Equity markets in Europe tumbled yesterday as sentiment was hurt by a mixture of health fears in relation to the reopening of economies and concerns the economic downturn will last longer than originally thought.
A common theme this week has been concern about the rise in the infection rates when governments unwind their lockdown restrictions. Germany and South Korea have taken steps to recommence certain parts of their economies, but it has come at a cost – a jump in the number of new coronavirus cases. Traders are fearful that this trend will be seen in other countries that have eased restrictions too. Policymakers now have a new challenge on their hands – how will they reopen portions of the economy without sparking a second wave of the Covid-19 crisis?
When stock markets pushed higher from mid/late March until early May, the moves were partially driven by the view there would a V-shaped economic recovery whereby, once the lockdowns were lifted, the economic rebound would be relatively fast. On Wednesday, the Fed’s Jerome Powell effectively discarded that view by warning the recovery might be slow and painful. The central banker also cautioned that the downside risks are significant. The mood in equity markets changed this week as dealers realised the situation is likely to drag on for some time.
US indices were in a stronger position than European markets before the crisis, so they are holding up better amid the pandemic. The S&P 500, the Dow Jones and the NASDAQ 100 all finished higher last night despite incurring heavy losses in the first few hours of trading. A rebound in banking, energy and tech stocks helped the benchmarks.
Overnight, China announced several economic reports. The fixed asset investment reading for April was -10.3%, while the consensus estimate was -10%, and keep in mind the March update was -16%. Industrial production was 3.9% and economists were anticipating 1.5%, while the previous reading was -1.1%. Retail sales came in at -7.5%, and the forecast was -7%. The retail sales report for March was -15.8%. Traders responded well to the improving data from China, which is why stocks in Asia are a little higher. The European markets are on track to recoup some of yesterday’s losses.

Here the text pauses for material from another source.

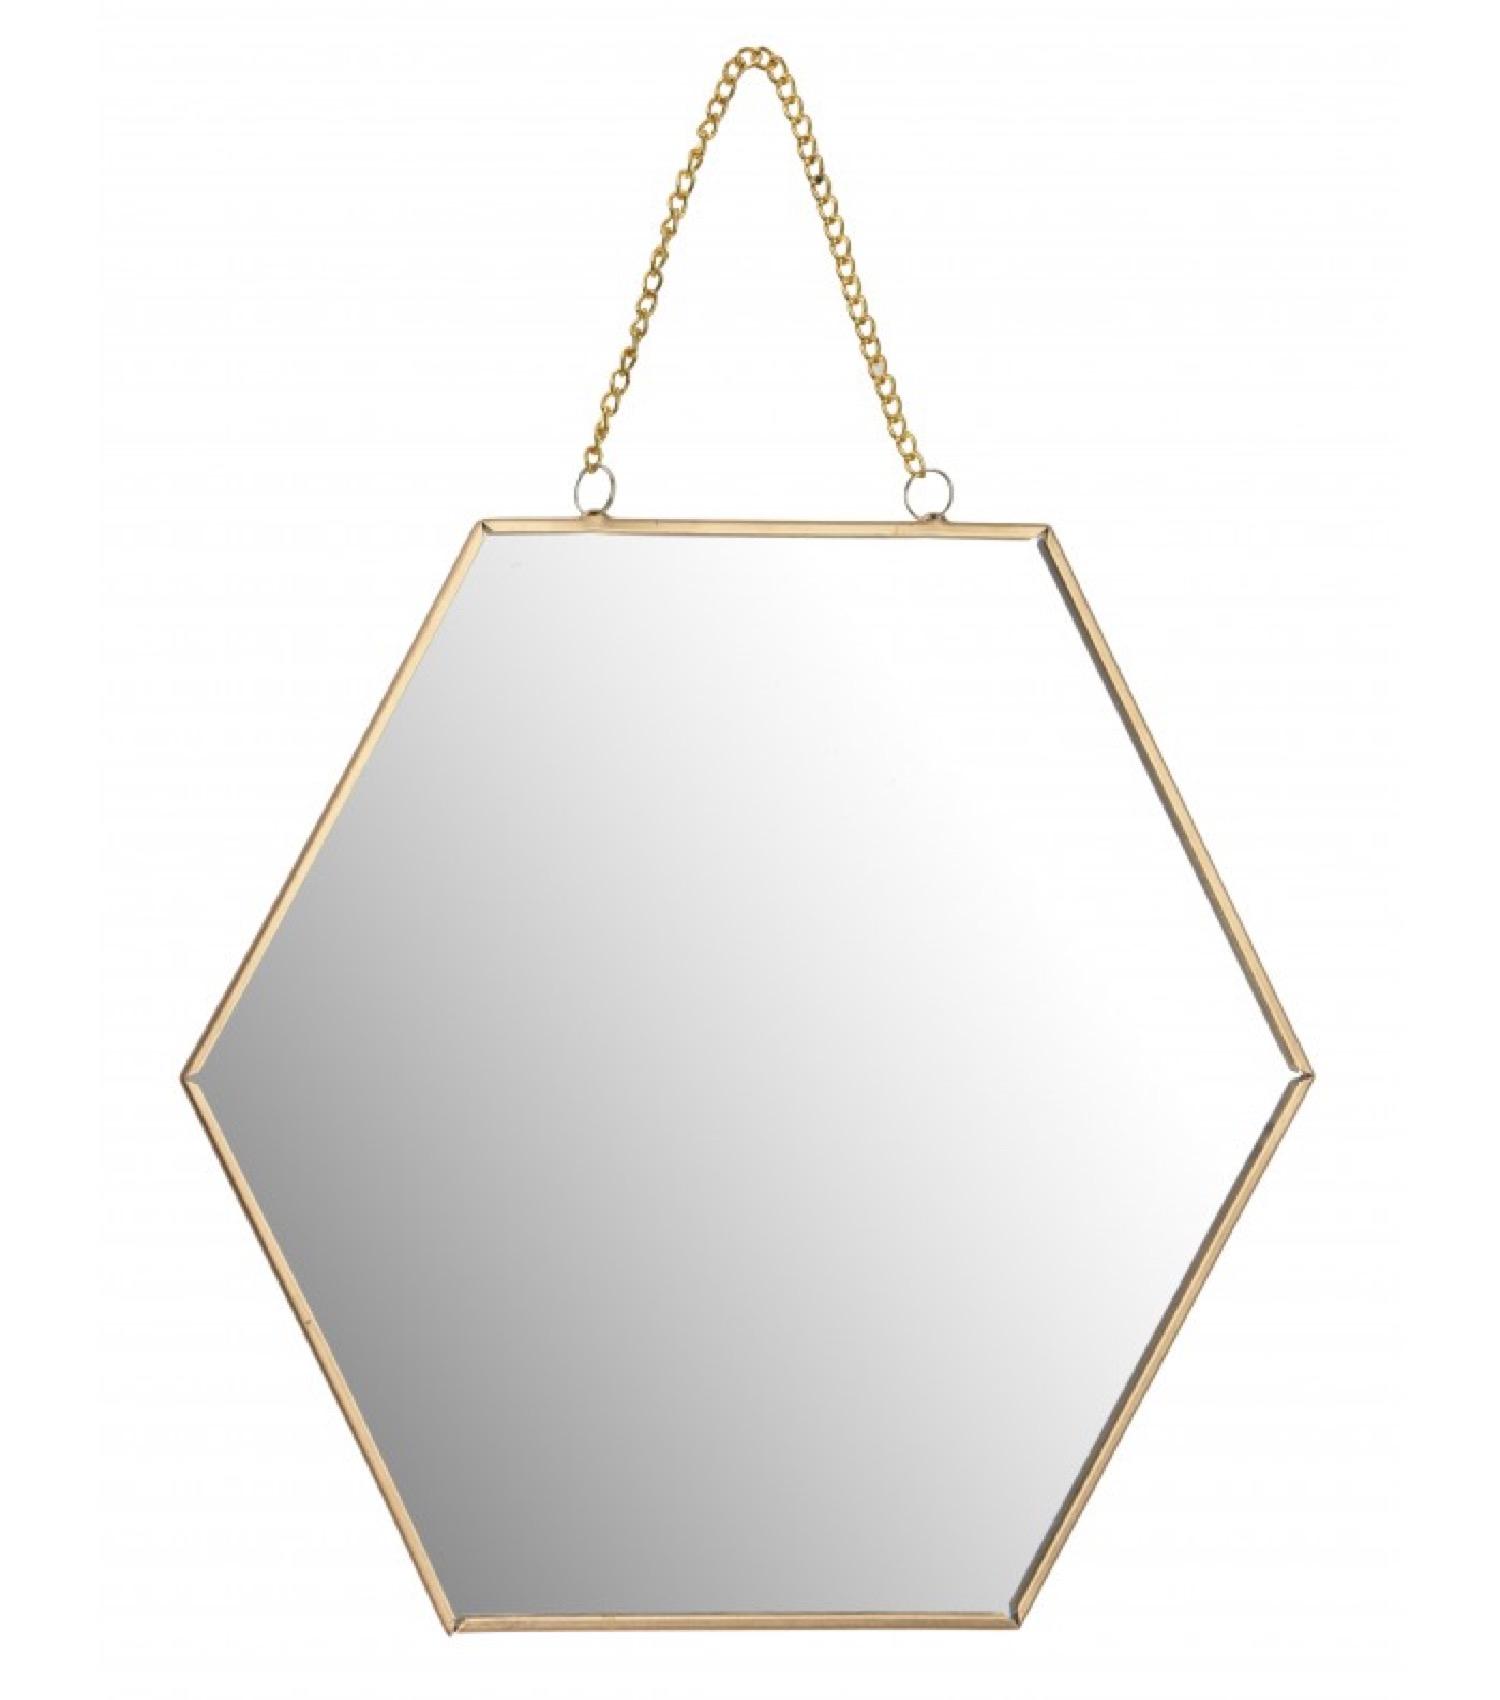 Miroir doré suspendu avec chaînette 30x26

The selling pressure seen in stock markets caused gold to emerge from its recent range of roughly $1,680 - $1,720, and the metal hit its highest level in nearly three weeks. Gold’s positive move helped silver move higher too. The metals gained ground yesterday despite the rise in the US dollar, so it is possible the rally in the commodities would have been even higher if it wasn’t for the firmer greenback. Copper, platinum and palladium were offside for much of yesterday’s session, but they recouped their losses in the last few hours of trading.
Sticking with the commodities theme, the oil market rallied yesterday as there was a change in perception about its demand. During the week, the EIA report showed that US oil inventories saw their first weekly decline since January. In addition to that, the gasoline inventories fell by more than expected. The IEA predict that demand for oil in 2020 will tumble by 8.9 million barrels per day (bpd), while the previous forecast was for a decline of 9.29 million bpd. It would appear that traders are less fearful about oversupply and storage issues. The WTI June contract hit is highest level since mid-April.
The German PPI rate for April is expected to fall to -1.8% from -0.8% in March. The flash estimate of German GDP for the first quarter is predicted to be -2.2%, and keep in mind the growth rate in the final quarter of 2019 was 0.0%. The reports will be released at 7am (UK time) and 9am (UK time) respectively.
The French CPI rate is tipped be 0.5% and the reading will be revealed at 7.45am (UK time).
At 10am (UK time) the flash estimates of eurozone growth will be posted. The first-quarter reading, on a quarterly basis, is tipped to be -3.8%, which would be a sharp decline from the 0.1% posted in the previous quarter. The yearly reading is expected to be -3.3%, while the last update was 0.9%.
The US will post several important economic reports at 1.30pm (UK time). The retail sales report for April is anticipated to be -12%, while the report that strips out auto sales is expected to be -8.6%. The New York fed manufacturing reading is expected to be -63.5, which would be an improvement from the -78.2 registered in April.
The preliminary reading of the University of Michigan consumer sentiment report is expected to be 68, and keep in mind the April reading was 71. It will be posted at 3pm (UK time).
EUR/USD – has been range bound recently and a break below the 1.0768 area should pave the way for 1.0636 to be tested. A move higher from here might run into resistance at 1.1000.
GBP/USD – has lacked direction recently, but while it holds below the 50-day moving average at 1.2326, the bias should remain to the downside, and it might target 1.2165. The 200-day moving average at 1.2652 might act as resistance.
EUR/GBP – while it holds above the 100-day moving average at 0.8670, the bias might remain to the upside, and 0.8865 might act as resistance. A break through 0.8670 might pave the way for 0.8600 to be tested.
USD/JPY – has been pushing lower since March and a break below 106.00 might see it target 104.00. 108.24, the 200-day moving average, might act as resistance.